Manual Blowdown Procedure: 1. Position 50+ ft from discharge, upwind 2. Slowly crack valve open (1/4 turn) - Initial discharge is high-pressure gas - Listen for pressure equalization 3. Gradually open as pressure decreases - Watch for liquid discharge (sound/appearance changes) 4. Full open when liquid appears - Continue until steady gas flow (no slugs) - Duration: typically 2-5 minutes 5. Close slowly when clear gas observed - Avoid water hammer from rapid closure 6. Record: date, time, estimated volume, observations

Blowdown Frequency Guidelines

Condensate Rate Frequency
< 0.5 bbl/day Monthly
0.5-2 bbl/day Weekly
2-5 bbl/day Every 2-3 days
> 5 bbl/day Daily or automatic
Minimize dry blows: Dry blows contribute 5× more gas loss than wet blows.
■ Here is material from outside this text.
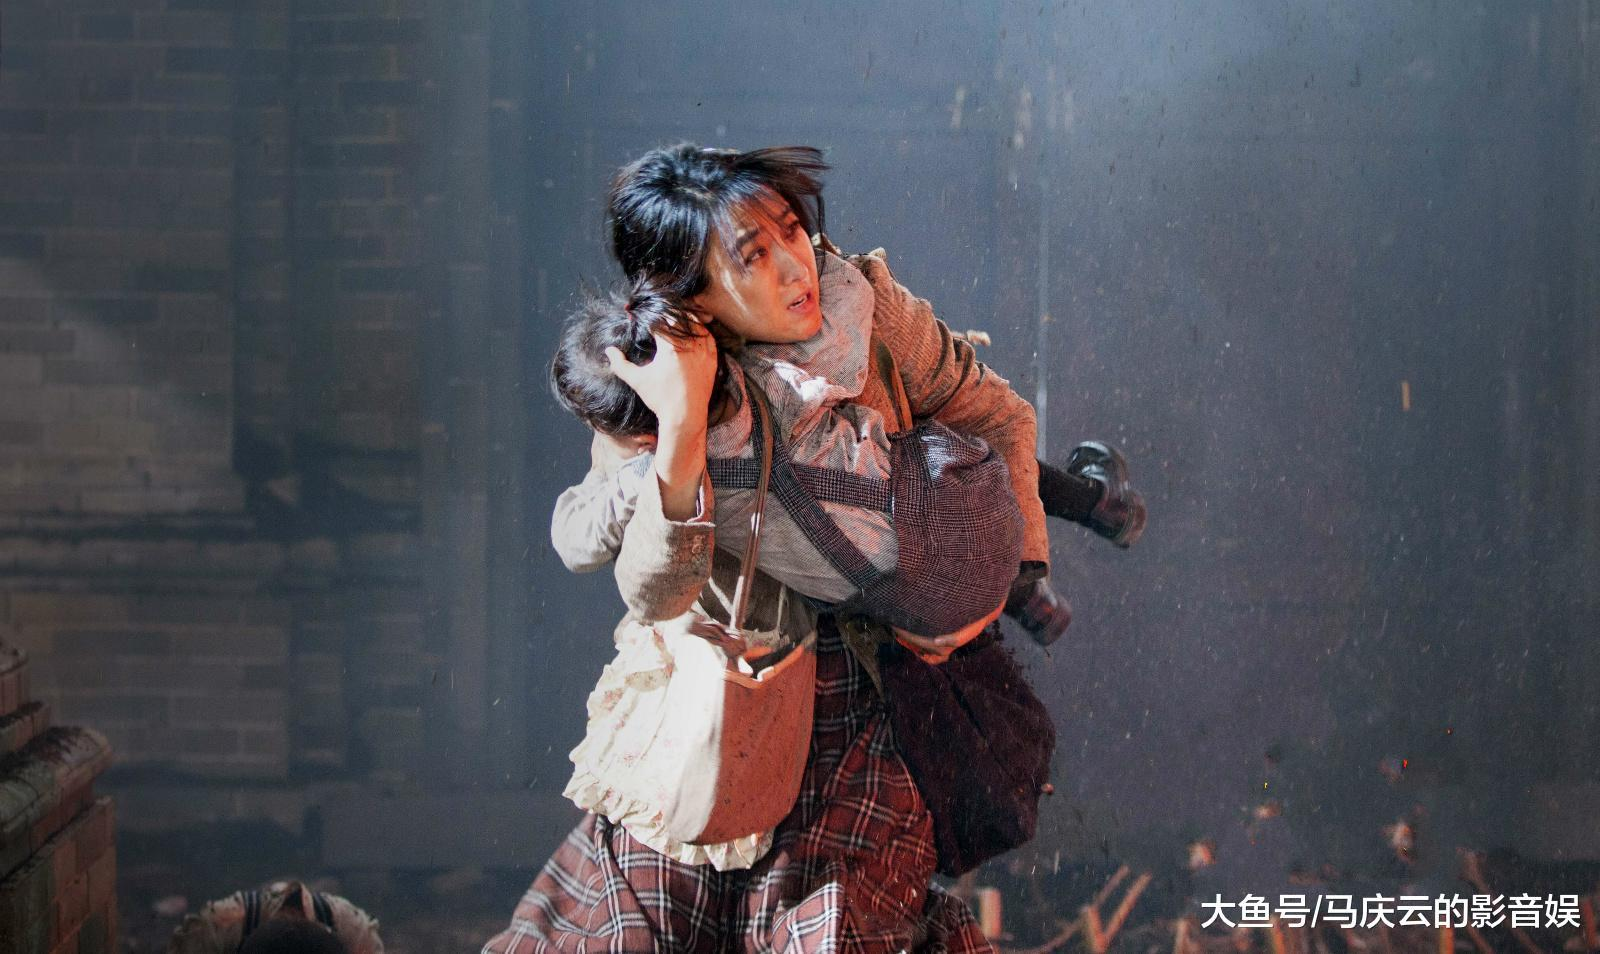 《大轰炸》露出真容, 范冰冰出镜一分钟, 马苏刘烨才是绝对主角

Blow until liquid stops, then close promptly. Excessive "clearing" wastes gas.

5. Safety & Compliance

Primary Hazards

Hazard Control
High-pressure gas release Stand clear, use extended handles, hearing protection
Flammable atmosphere Clear ignition sources, verify wind direction
H₂S (sour gas) Personal monitors, buddy system, SCBA available, upwind position
Liquid hydrocarbon contact FRC, chemical gloves, eye protection
JT freezing Insulated gloves, slow valve opening

H₂S Considerations

For sour gas service (H₂S > 100 ppm in gas):

  • Two-person minimum (buddy system)
  • Personal H₂S monitors with audible alarms
  • SCBA equipment available on-site
  • Wind indicator visible (sock or ribbon)
  • Increase exclusion zone to 500+ ft
  • Consider closed-loop blowdown to recovery tank

Environmental Compliance

EPA Subpart W Requirements: Facilities must report blowdown emissions if: - Total facility emissions exceed 25,000 mt CO₂e/year - Blowdowns counted toward Source Category W.5 (pipeline venting) Recommended practices: - Document all blowdown events (date, time, volume, duration) - Track annual totals by drip location - Consider vapor recovery for high-volume operations - Implement automatic drips to minimize per-event losses
Plan view safety zone diagram showing 300-foot exclusion zone (red dashed circle) around discharge point, 50-foot operator zone (yellow dashed circle), wind direction arrow, operator position upwind, drip pot location, vehicle parking area outside exclusion zone, and safety equipment locations
Blowdown safety zones: 300 ft exclusion, 50 ft minimum operator distance, position upwind of discharge.
Complacency kills: Drip blowdown is routine but hazardous. Three leading causes of incidents: (1) failure to check wind direction → H₂S exposure, (2) ignition source not cleared → fire, (3) valve failure from poor maintenance → uncontrolled release.